It Takes A Village: The Case for Multi-Agentic AI
As AI agent technology matures some patterns are emerging. Agents have proven themselves indisputably useful in the coding space, and likely they just have to conquer this space before they conquer the world. Agents appear most useful not as “autonomous” ersatz people or anthropomorphized mock employees, but as contextually adaptable, automated workflow handlers. That is to say, the most effective agentic solutions are ones that don’t try to imitate a person, but instead that are built more like traditional programs operating over well-defined workflows, and that respect time-honored software design principles like the single responsibility principle, interface segregation, modularity, etc.
If we follow these design principles and take them seriously and treat agents as programs, we’re led to the conclusion that we shouldn’t stuff too many responsibilities into a single agent-we should modularize. Any complex workflow, therefore, might better be served by a sequence of agents each with a single responsibility and a communication interface between them. Hence, I’m led to the belief that the only right way to do agentic AI is multi-agentic AI.
Despite the logical conclusion that the only way to do agentic AI is to make it multi-agentic, the multi approach has problems with coordination and scalability that still need to be worked out. (You could become very rich if you did figure it out, by the way.) Taking all that into account, let’s review what works and what doesn’t.
Why Lone Wolfing it is A Bad Idea
Unless you have a relatively simple workflow it’s probably a bad idea to overburden a lone agent with too many responsibilities. We’re not at AGI yet, and these LLMs can get lost in labyrinths of context of their own creation without the proper guardrails. If you’re using a single agent to do a lot, ask yourself if this process could not be improved by dividing tasks up between single-purpose specialist agents.
It Takes Two to Tango: the Brain-Hand Pattern
One smart pattern is to have a big, powerful but expensive model like Claude Opus or o3 serve as the “brain” and do the planning, solution proposing, and analysis, and a smaller, lighter, but cheaper model to serve as the “hand” and do the extended instruction following and execution. This is far more cost effective than having the big model power through everything, and it yields better results than having the smaller model bite off more than it can chew. This “the head thinks, the hand acts” pattern is generally quite sound, and since it only requires a pair of models working in close proximity, it’s generally manageable in terms of coordination complexity.
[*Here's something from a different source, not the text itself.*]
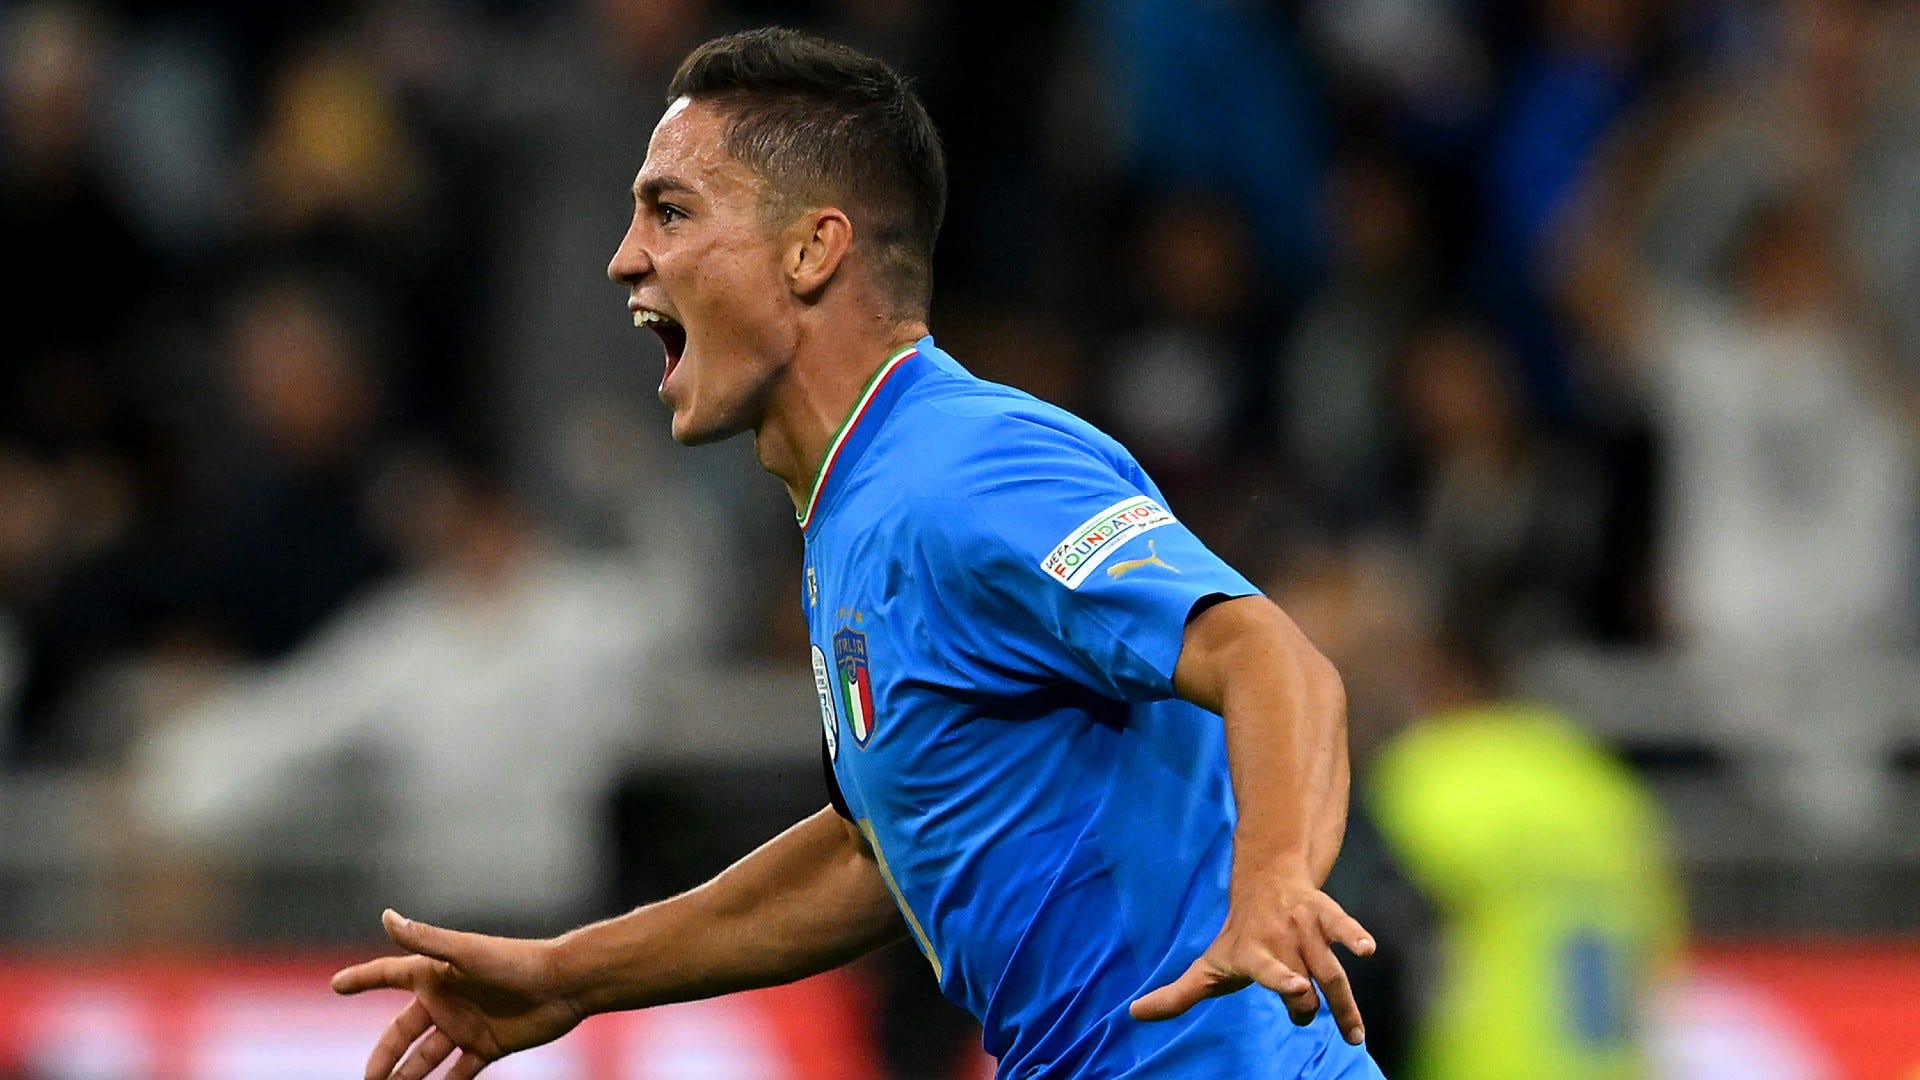 Hungary vs Italy Live stream, TV channel, kick-off time and how to watch Goal US

If you look at a well-designed agentic workflow like Claude Code, you’ll see that it’s making calls to Haiku under the hood, showing evidence of this pattern in action.

Ideally, your agents should be decoupled, and only interact through well defined API contracts. If you divide agents by task, you’ll need communication protocols for them to share information. This part is tricky, and I don’t think anyone has figured out yet how to do it optimally. Probably the solution is to not have the agents have sprawling conversations and debates with each other like people would, but to build predictable interfaces for exchanging structured outputs, again much like regular software modules. This coordination and communication problem compounds exponentially the more agents you have, which is why for now it generally seems best to limit it to a few tight-nit agents rather than a vast fleet.
Assembly Line
Because complex heterarchical (many-to-many) communication protocols are difficult to coordinate, another good multi-agent pattern is the assembly line. A planner agent might set the agenda, and then each agent in the workflow does its job and passes the result forward, resulting in a progressively developing product. Each agent has its own tools and logic for doing what it does well. Perhaps the final agent inspects the finished product, and if it meets specifications, approves it. Otherwise it might get kicked back to the first step.
Synchronized Swimming: The Benefits of Parallelism
Another distinct advantage of a multi-agent setup is that it can be parallelized. Configuring and launching multiple threads for a set of agents means tasks can be accomplished that much faster. However, caution is advised if these agents must compete over shared resources or coordinate their work. As with all things collaborative, careful task definition and assignment is essential so that agents aren’t interfering with each other. Setting a bunch of agents loose on a codebase can be a great way to destroy it if they aren’t channeled properly. So far, none of the solutions I’ve seen on the market have really build a sophisticated synchronization mechanism to handle large, parallel agentic workflows, so there’s a major opportunity for whoever can get there first.
It’s widely assumed that these LLMs will continue to improve with time, and that brute power will override any need for clever architecting. Eventually one single model will be so powerful it can do it all (Although it’s hard to see this ever simultaneously working on parallel tasks.) But if we treat AI agents as software, such monolithic designs screams anti-pattern. The challenge currently is that, to my knowledge, no one has figured out how to solve the coordination and task delegation problems scalably. There may come a day when we have hundreds or even thousands of these things operating together in synchronized swarms to accomplish superhuman tasks, but for now the full promise of multi-agentic AI is beyond reach.